When you transcribe the listing that follows, keep every line exact and omit the pictures.

- _INPUT DATA_
>>>
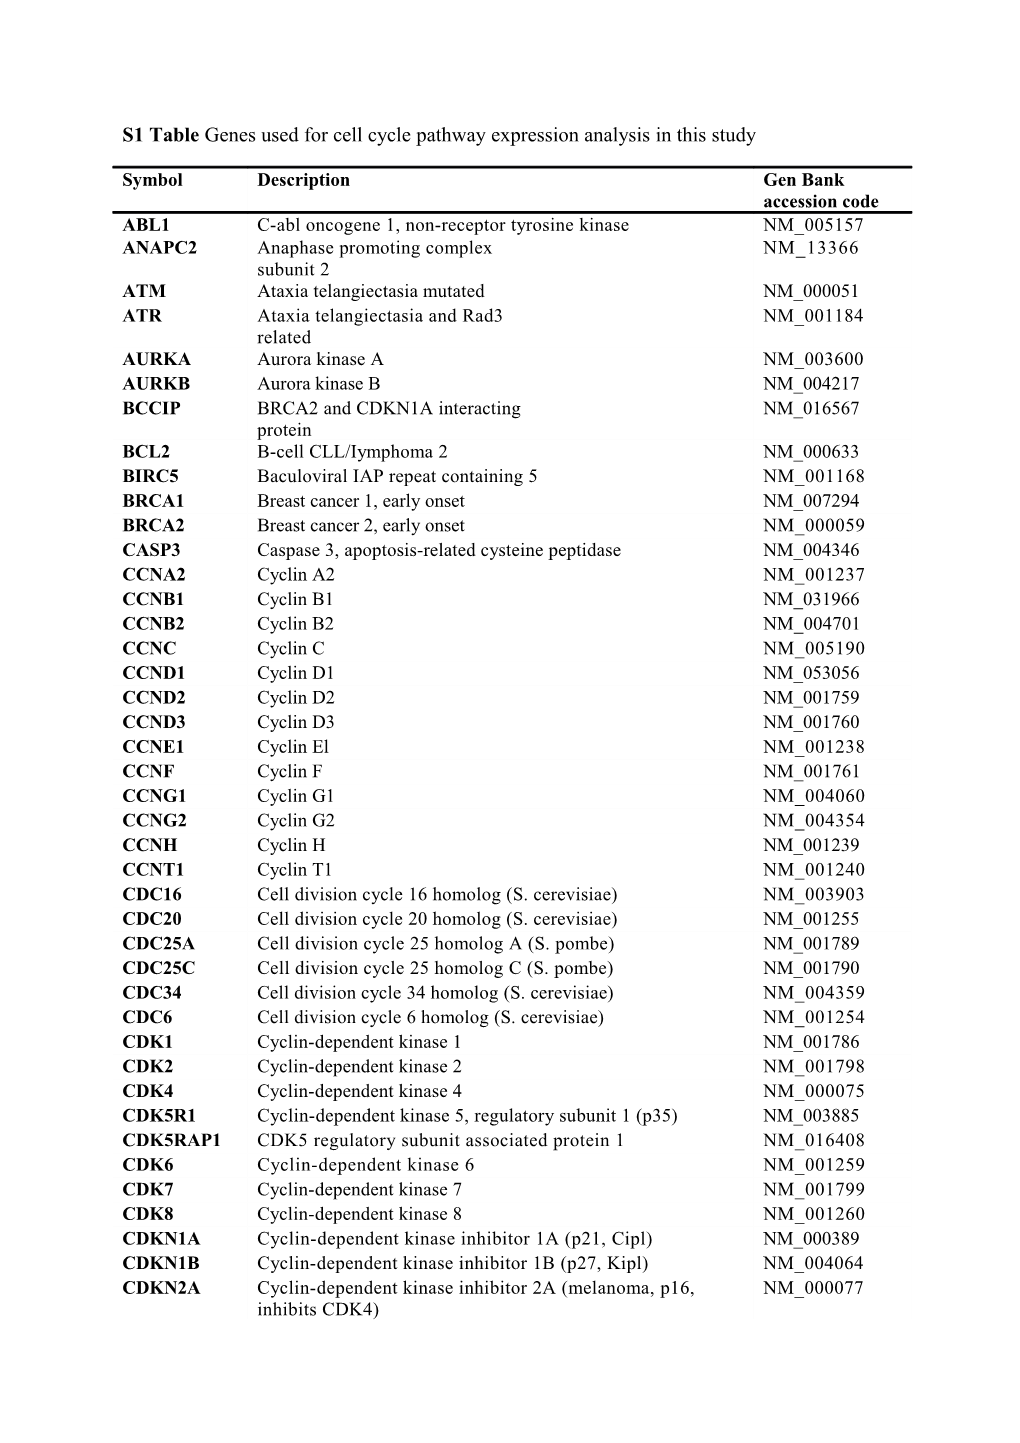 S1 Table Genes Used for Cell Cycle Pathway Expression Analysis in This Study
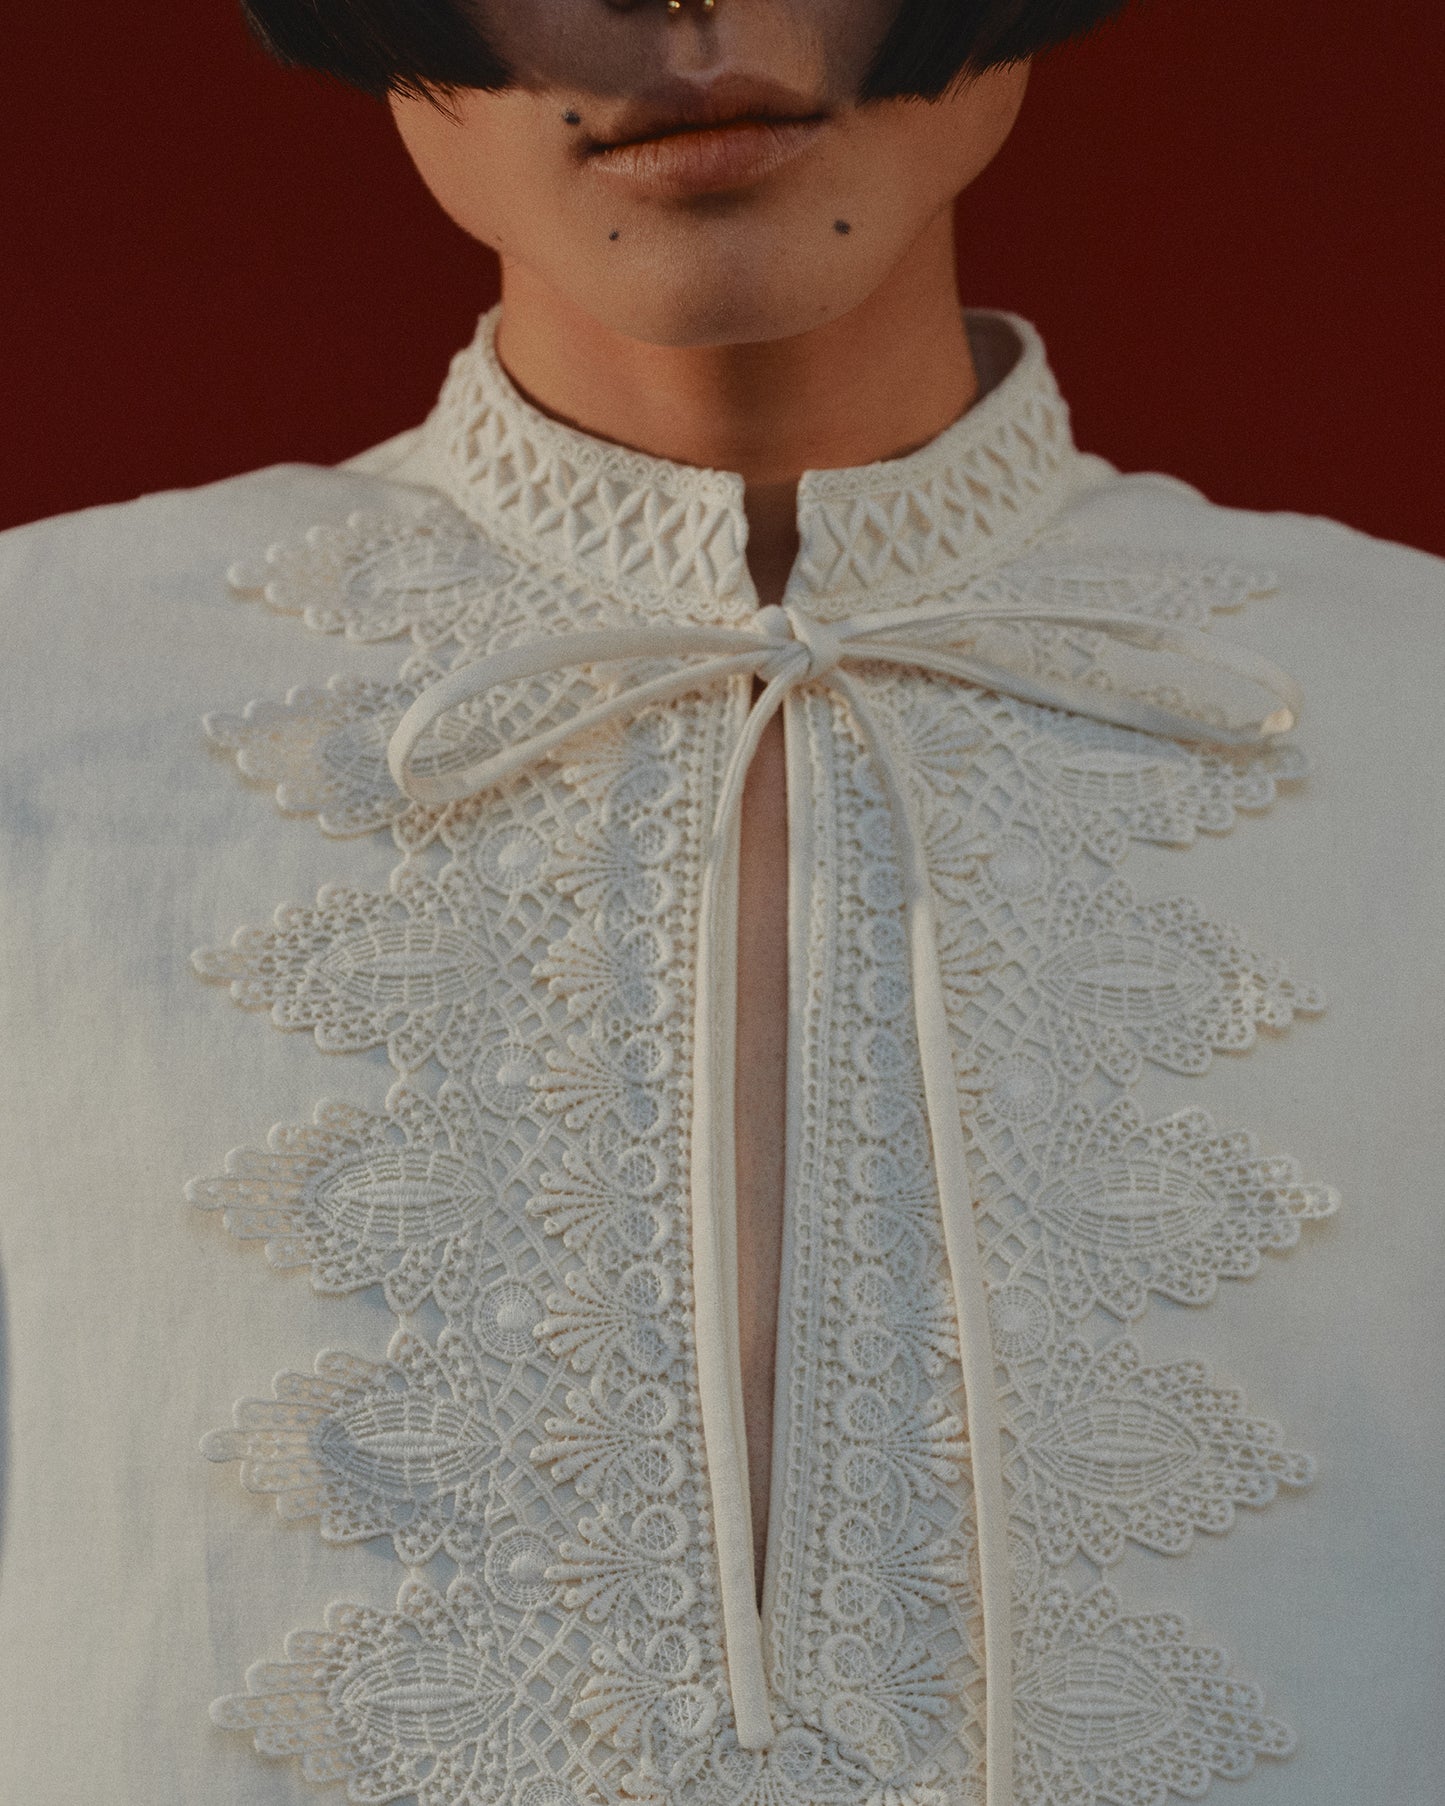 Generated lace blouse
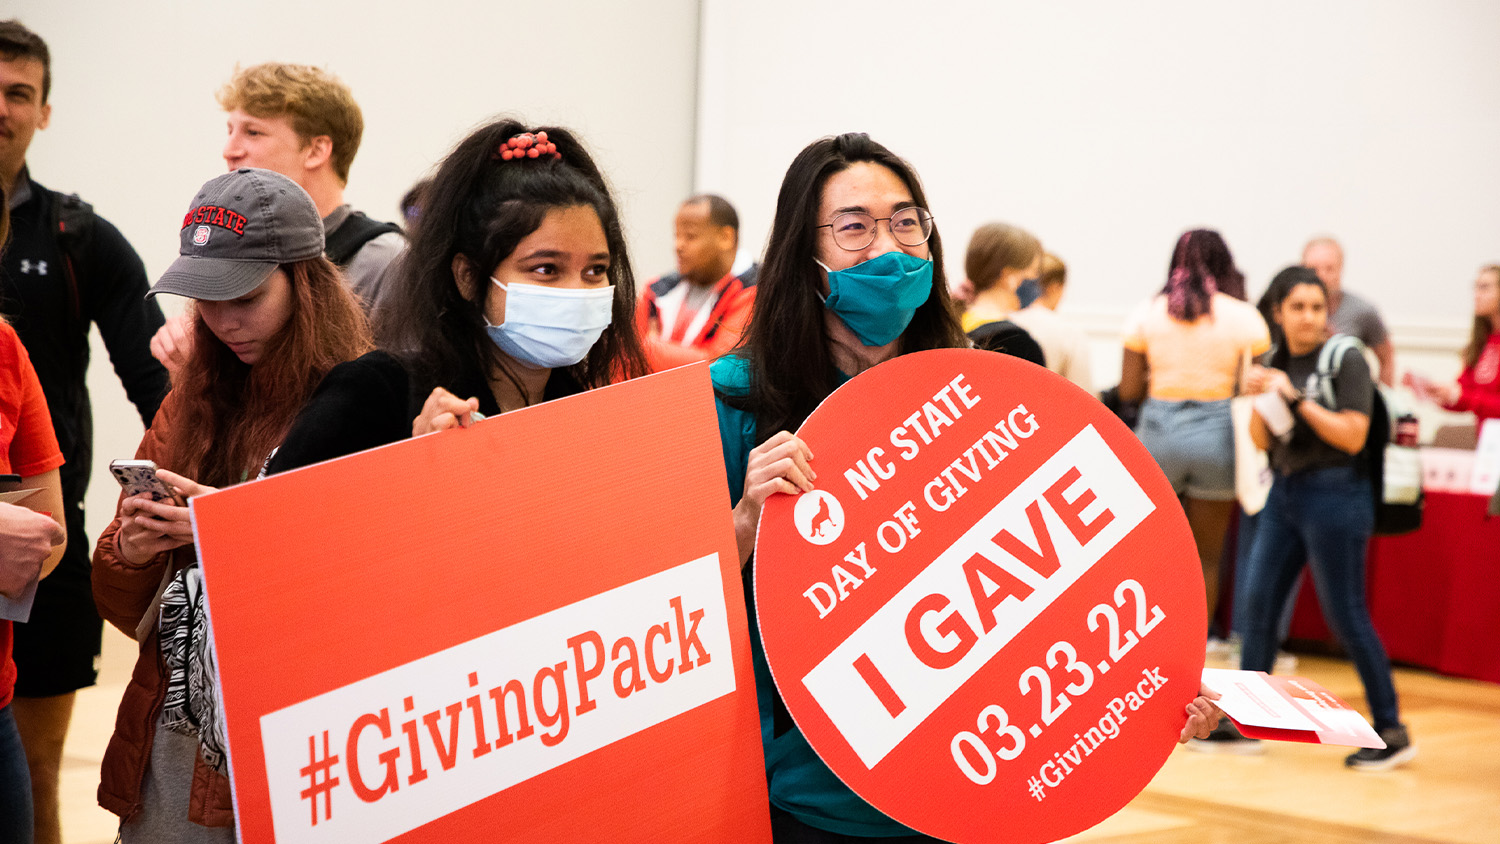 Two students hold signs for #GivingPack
<<<
- _SOLUTION FOR THIS PROBLEM_
 S1 Table Genes Used for Cell Cycle Pathway Expression Analysis in This Study
 Generated lace blouse
 Two students hold signs for #GivingPack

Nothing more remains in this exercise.